La mala alimentación y el descuido de los padres aparecen juntos en varios cuentos, en especial en “La Sirène et l’épervier” y en “Brigitte, la Maman qui m’a pas fait, mais m’a nourri”. La búsqueda de alimento puede encontrarse en todos éstos, aun en Perrault, donde aparece en forma de parodia en “Los deseos ridículos”. A un pobre leñador le prometen cumplirle tres deseos en recompensa de una buena acción. Mientras piensa, se le despierta el apetito y desea un salchichón. Después de que éste aparece en su plato, su esposa, una enojona insoportable, lo regaña tan violentamente por desperdiciar su deseo que el leñador pide que le crezca un salchichón en la nariz. Después, al ver a su esposa deformada, desea que regrese a su estado normal y vuelven así a su antigua existencia miserable.

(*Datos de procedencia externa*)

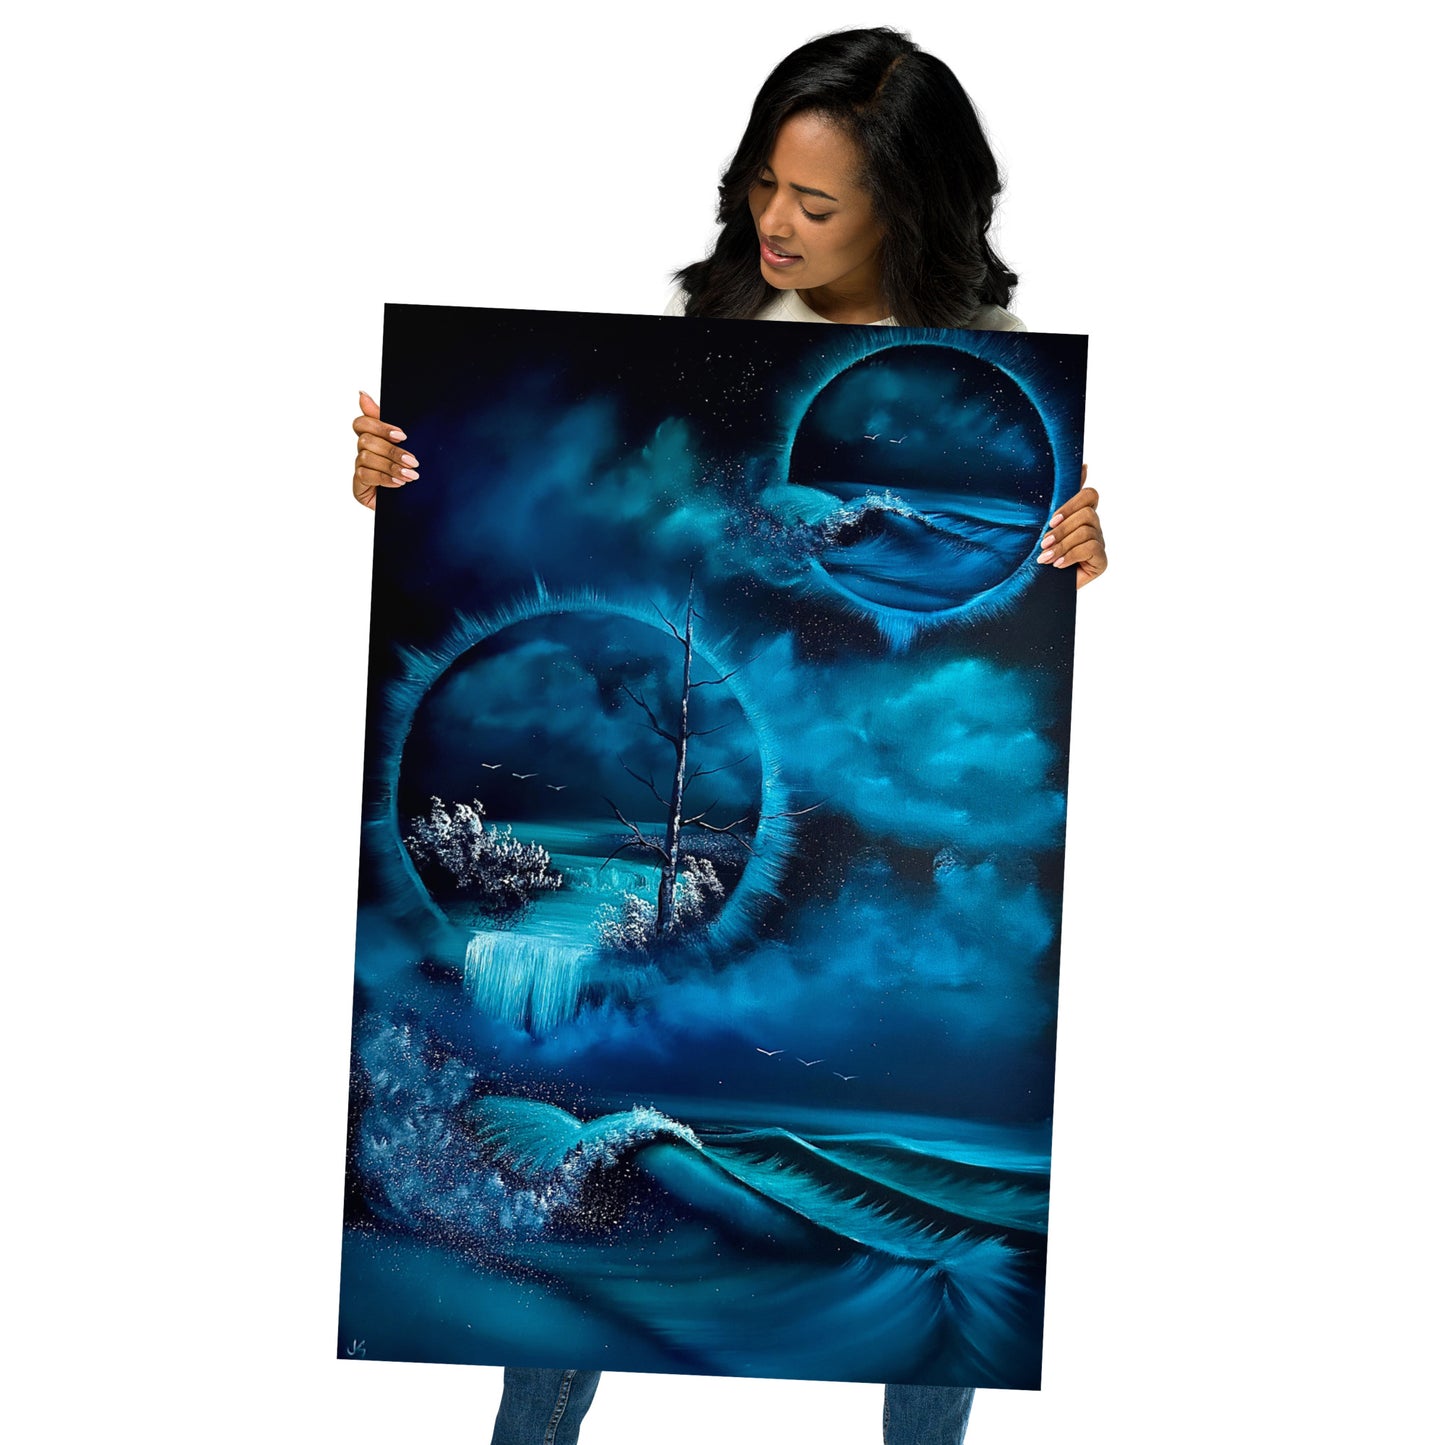 Poster Print - Aquatic Dreamscape - Surrealism Double Portal Waterfall Seascape by PaintwithJosh

[…] En la mayoría de los cuentos, la realización de los deseos se convierte en programa de sobrevivencia, y no en fantasía para escapar de la realidad.
A pesar de las ocasionales pinceladas de fantasía, los cuentos están enraizados en el mundo real. Casi todos se desarrollan en dos marcos de referencia básicos, que corresponden al escenario dual de la vida campesina durante el Antiguo Régimen: por una parte, la casa y la villa; por la otra, los caminos abiertos. La oposición entre las villas y los caminos abarca todos los cuentos, igual que las vidas de los campesinos en todas partes en el siglo XVIII en Francia.7
Las familias campesinas no podían sobrevivir durante el Antiguo Régimen a menos de que todos sus miembros trabajaran, y lo hicieron juntos como una unidad económica. Los cuentos populares constantemente muestran que los padres trabajan en los campos mientras los hijos recogen leña, cuidan ovejas, traen agua, hilan lana o piden limosna. Lejos de condenar la explotación del trabajo de los niños, parecían indignarse cuando esto no ocurría. En “Les Trois Fileuses”, un padre decide deshacerse de su hija, porque “come pero no trabaja”.8 Convence al rey de que la joven puede hilar siete fusées (92,000 metros) de lino en una noche, cuando en realidad se come siete crêpes (nos encontramos en Angoumois). El rey le ordena que realice hazañas prodigiosas de hilado, y le promete casarse con ella si lo logra. Tres hilanderas mágicas, que compiten en deformidad entre sí, completan las tareas para ella, y a cambio sólo le piden que las invite a su boda. Cuando las mujeres aparecen, el rey les pregunta la causa de su deformidad. Responden que se debe al exceso de trabajo; y le advierten que su esposa se verá aún más horrible si le permite que continúe hilando. Así la muchacha se libra de la esclavitud, el padre se deshace de una muchacha glotona y los pobres triunfan sobre los ricos (en algunas versiones el señor local toma el lugar del rey).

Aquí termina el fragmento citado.